【2020年のASEAN自動車マーケットの行方は?】モータージャーナリスト座談会 (2/5ページ)

Photo by 鈴木ケンイチ
■ 欧米メーカーも中国メーカーも虎視眈々とASEANを狙っている
鈴木:ASEANで、日本車は圧倒的なシェアを占めています。インドネシアでいえば95%以上。それは2020年も維持できるでしょうか?
川端:欧米メーカーは、ASEANを本気で狙っていると思いますよ。たとえばフォルクスワーゲン。彼らは中国で伸び悩んでいる。インドは無理。北米も苦戦している。そうなると残された市場はASEANしかありませんから。

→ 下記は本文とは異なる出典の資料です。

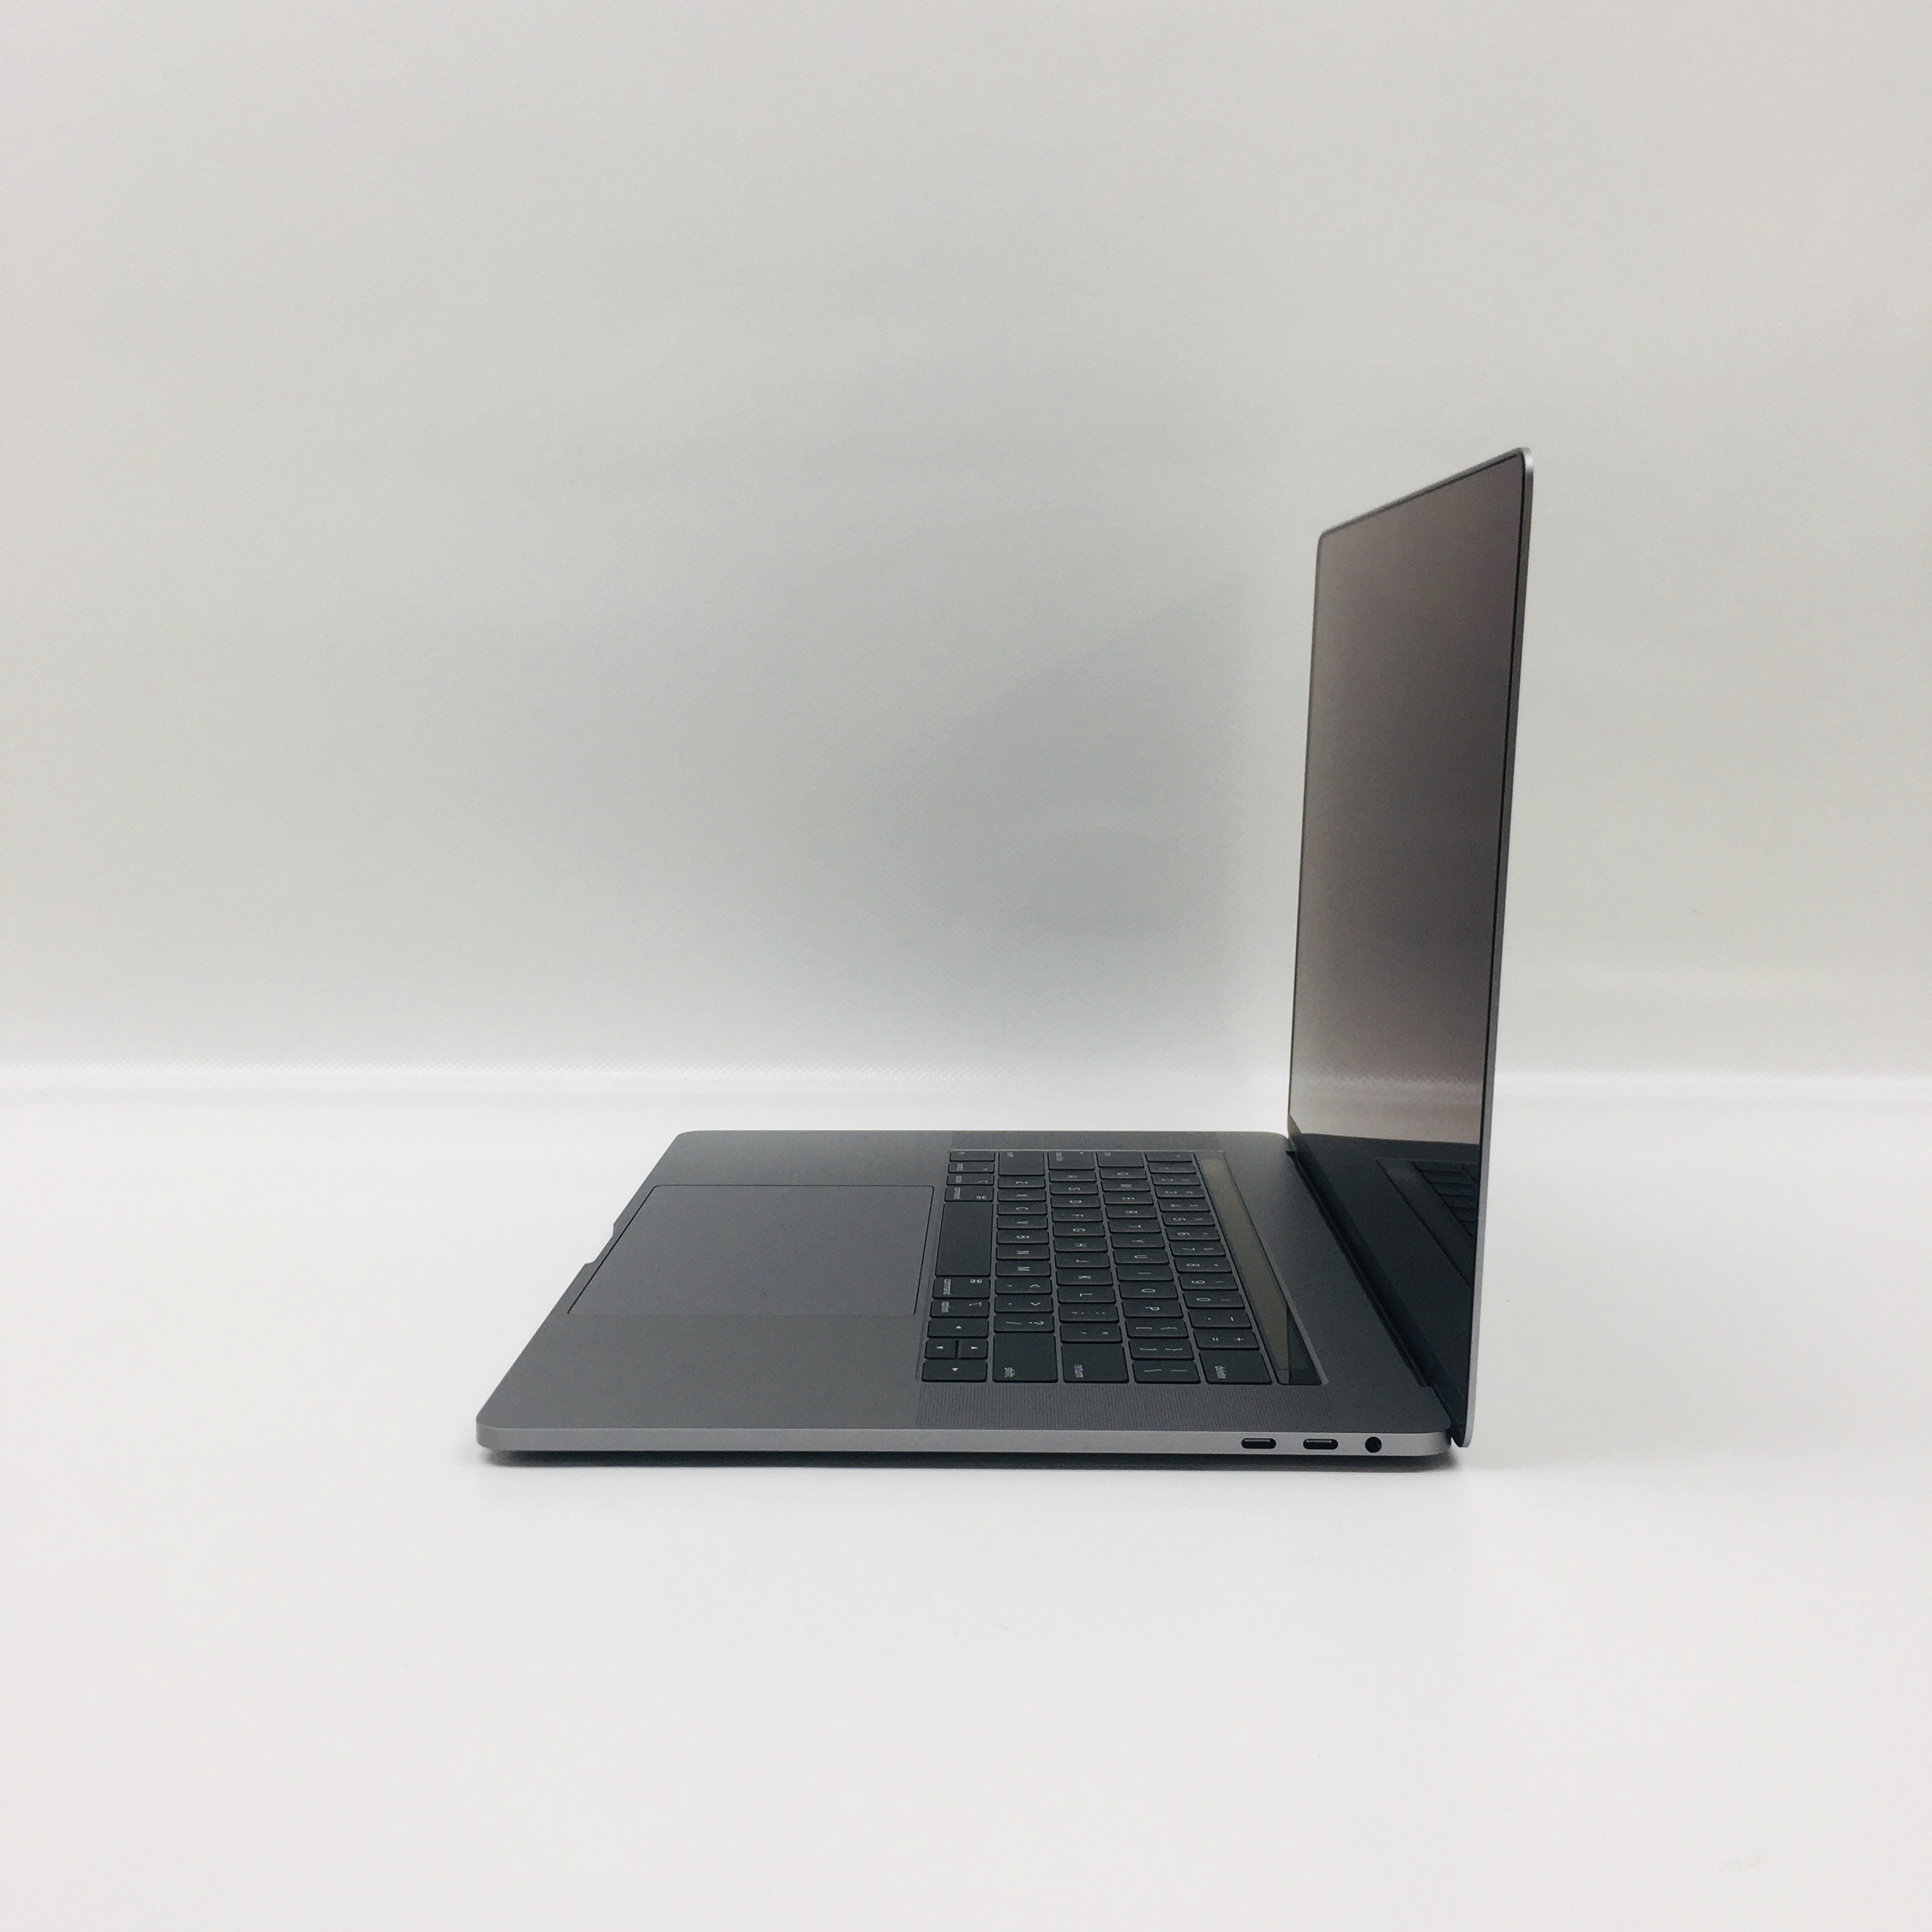 MacBook Pro 15" Touch Bar Mid 2018 (Intel 6-Core i7 2.6 GHz 32 GB RAM 512 GB SSD), Space Gray, Intel 6-Core i7 2.6 GHz, 32 GB RAM, 512 GB SSD, image 2

大田中:ちなみにインドネシアには、2015年問題という話がありました。それは2015年に、GMやフォルクスワーゲン、他に韓国や中国のメーカーが工場を続々と作るという。日本車は大丈夫か? と。でも、結局、工場はできなかった。まだまだインドネシアでは日本車が強いでしょうね。
鈴木:確かに欧米ブランドがいまからシェアを拡大するのは難しいでしょうね。でも、一番もうかるところ、高級セグメントは欧米ブランドに占領されちゃうのでは?
川端:やはり憧れのメルセデスのようなブランド・ビジネスは欧米メーカーが上手ですよね。日本メーカーは下手。結局、いつまでも新興国の王様で、その国が発展したら、もっと安いところに行く。いつまで下を見てるんだと歯がゆいですね。
古庄:今はまだよいけれど、ライバルが中国メーカーになるのは厳しい。たとえば中国はMGブランドを持っていますが、それをタイで生産している。そうなると中国製とは見えない。ボルボも同じ。あれも中国資本。そういう方法をとられると、中国メーカーも競争力が持てると思いますよ。
大田中:ブランド・イメージという点では、ダットサンとミラージュは失敗だったと思いますね。もともとダットサンや三菱のASEANでのイメージは、非常に良いものだった。それをあんな安物に使うなんて。ブランドをおとしめている。